How to Tell if a Dog is Likely to Bite

How to Tell if a Dog is Likely to Bite

by / Wednesday, 31 December 2014 / Published in Dog Bites

If you’ve ever been bitten by a dog, it’s completely understandable that you might not feel very comfortable being around dogs. But since dogs are an incredibly common type of household pet, completely avoiding them might be difficult, if not impossible. You might find yourself missing out on visiting friends or relatives or going to places such as parks. However, just because you have been bitten by one dog doesn’t mean you have to live in fear of all dogs. Many dogs are happy and friendly and in many cases, only bite if they are feeling threatened. Dogs are very good at communicating their feelings through body language and if you know the signs to look for, you can spot the differences between a friendly dog and one that feels threatened and is therefore more likely to bite.

 

Mouth

One of the most surefire signs of a dog feeling threatened is if it starts growling or showing its front teeth. These are unmistakable signs that a dog is very likely to bite or attack.

Posture

You can tell a lot about a dog by its posture. When a dog is happy and not aggressive, it will have an overall relaxed posture — standing up straight, but not rigidly, with its muscles and ears relaxed. A dog that feels threatened or aggressive will have a very stiff posture, have its ears perked up or flat against its head, keep its head low, and/or stand with its chest pushed out to make itself look bigger. If a dog is standing off center, leaning off to one side, it is trying to distance itself from something that makes them feel uncomfortable. A dog that is slinking low to the ground instead of standing straight up feels threatened and is likely to bite.

Eyes

Making and maintaining eye contact is a very strong sign of a dog feeling threatened.  Dogs make direct eye contact as a way of showing dominance and if the dog’s pupils are dilated, it’s a sign of anger or aggression.
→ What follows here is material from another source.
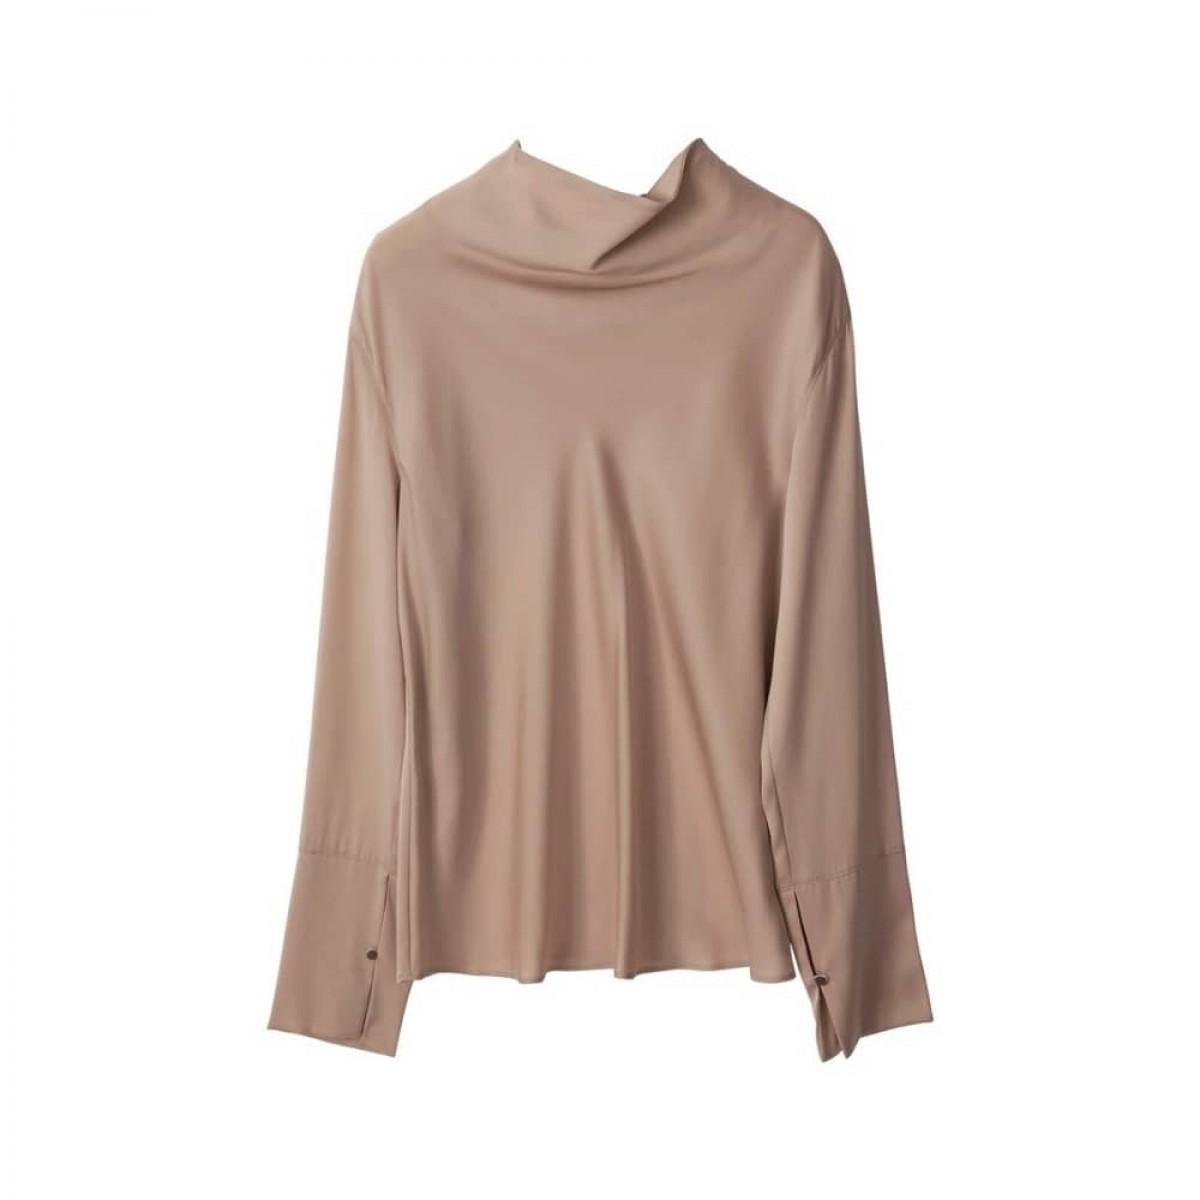 ayumi bluse - sand - front

If a dog turns its head, but doesn’t move its gaze from a particular person, dog, or other something else, making the whites of its eyes visible in a half-moon shape, this is a telltale sign a dog feels threatened or anxious about something. Dog trainers refer to this as “whale eye.”

Yawning or Licking

Sometimes dogs yawn for reasons other than being tired. Yawning is also a way dogs relax themselves, so a dog in an uncomfortable situation might start yawning frequently even though they aren’t tired or bored. If a dog is yawning and turning their head away from another dog or person, it’s a sign they are definitely feeling uncomfortable and should be left alone. A stressed-out dog might also start start licking their lips, nose, or paws as a way to calm themselves down.

Tail

Many people think dogs wag their tail because they are happy, but dogs actually wag their tails because they have energy or adrenaline, which might not necessarily be out of happiness. If a dog is wagging their tail and all other signs seem to suggest the dog is happy, then the dog is likely harmless. But if a dog is aggressively wagging its tail while having a very tense posture, it’s best to leave that dog alone. Tail position can also be very important way to tell how a dog is feeling. Dogs typically keep their tails up if they are feeling safe and secure, but will lower their tails if they’re facing an uncertain situation. Its best to leave a dog alone if their tail is lowered.